Traditionally, when an agent does work, you verify it. The agent extracts data, you review it. The agent makes a decision, you approve it. The agent runs code, you test it. Every action requires human review because you don’t trust the agent’s self-assessment.

Test-first specs invert this. The agent runs the spec. The tests run. The success rate is output. You don’t review the agent’s judgment — you review the test results. And test results are deterministic.

This is why agent autonomy becomes safe with specs:

Agent does work without approval
Tests verify the output
Success rate is public
You can audit the failures

No human in the loop slowing down the process. No trust required. Just measurable evidence.

The spectrum of specs

Specs on SpecMarket span different reliability tiers:

Emerging specs (beta): 40-60% success rate. Useful for exploratory work, but not production.
Stable specs: 85-95% success rate. Good for integration with manual review of edge cases.
Hardened specs: 96%+ success rate, documented failure modes. Production-ready for most use cases.
Specialized specs: Domain-specific solutions (audit extraction, form parsing, etc.) with 99%+ success rate in their niche.

The spec marketplace sorts by success rate and user volume. A spec with 1,000 runs at 97% success is more credible than a spec with 50 runs at 100% success. The numbers are transparent.

SaaS vendors don’t publish this data because they can’t — the definition of “success” is too context-dependent. A CRM success rate depends on your data model, your workflows, your integrations. Each customer sees different reliability.

Specs eliminate this ambiguity. The spec author defines what success means (passing test cases). Users measure it. The community votes with their confidence (high-success specs get adopted, low-success specs get forked and improved).

What this means for builders

If you are building a spec, ship it with tests. The tests are not validation. They are your spec’s identity. They are what define success.

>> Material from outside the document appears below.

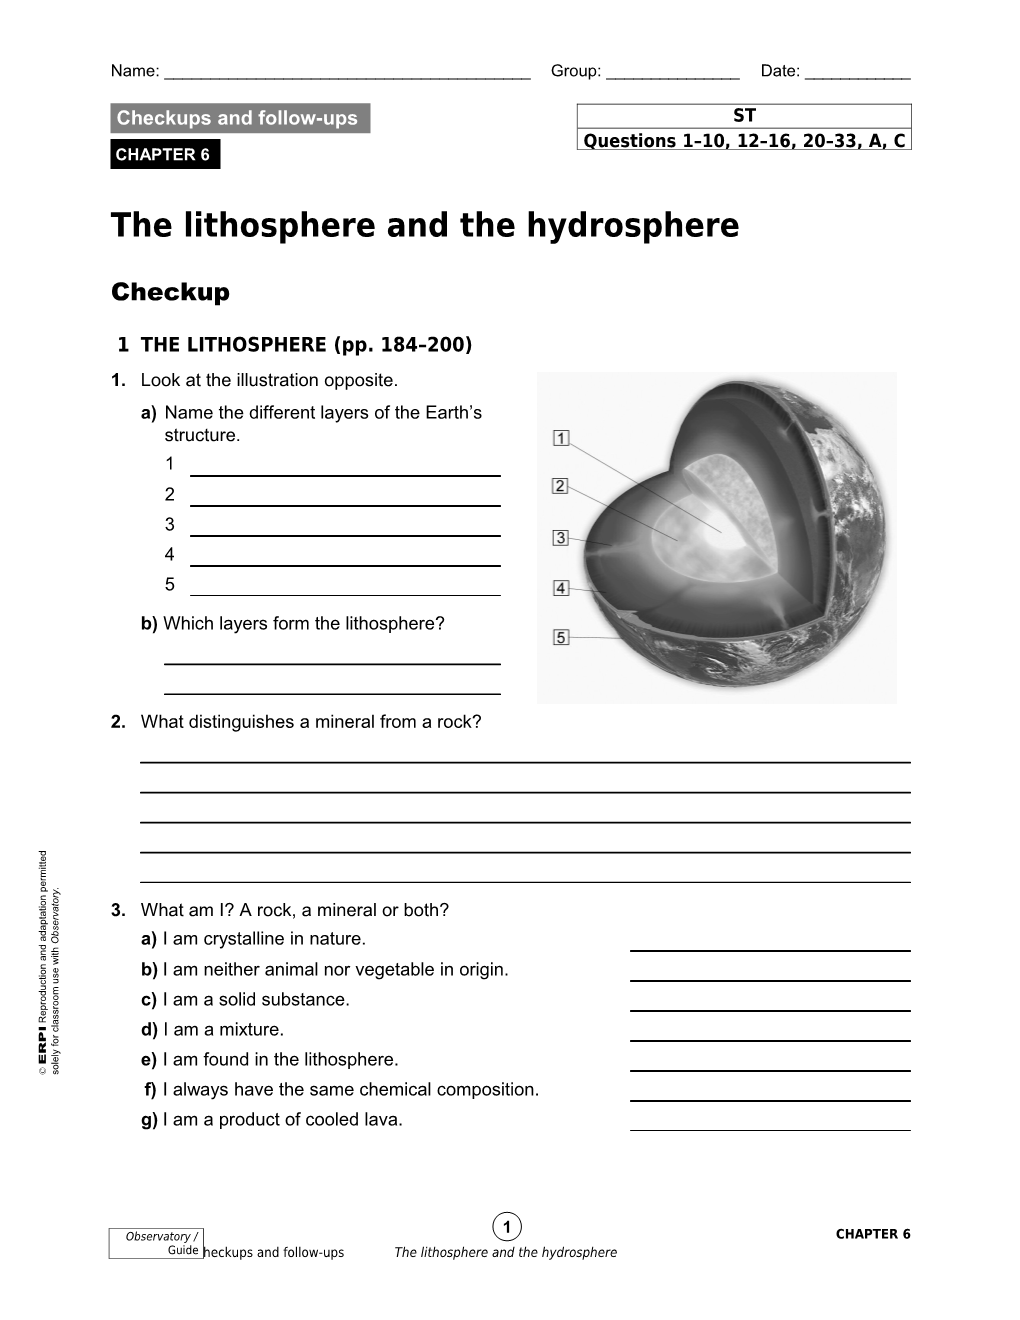 1 the Lithosphere (Pp. 184 200)

If you are choosing a spec, check the success rate. Not the vendor’s promises. Not the feature list. The actual measured reliability across real runs.

If you are building against specs (using them in your workflow), you can compose them without fear of hidden failures. Each component has a documented reliability. The system-level risk is calculable.

This is the shift: from trust-based (believe the vendor) to measurement-based (verify the output).

Specs ship with tests because tests are not a feature of specs. Tests are what make specs specs.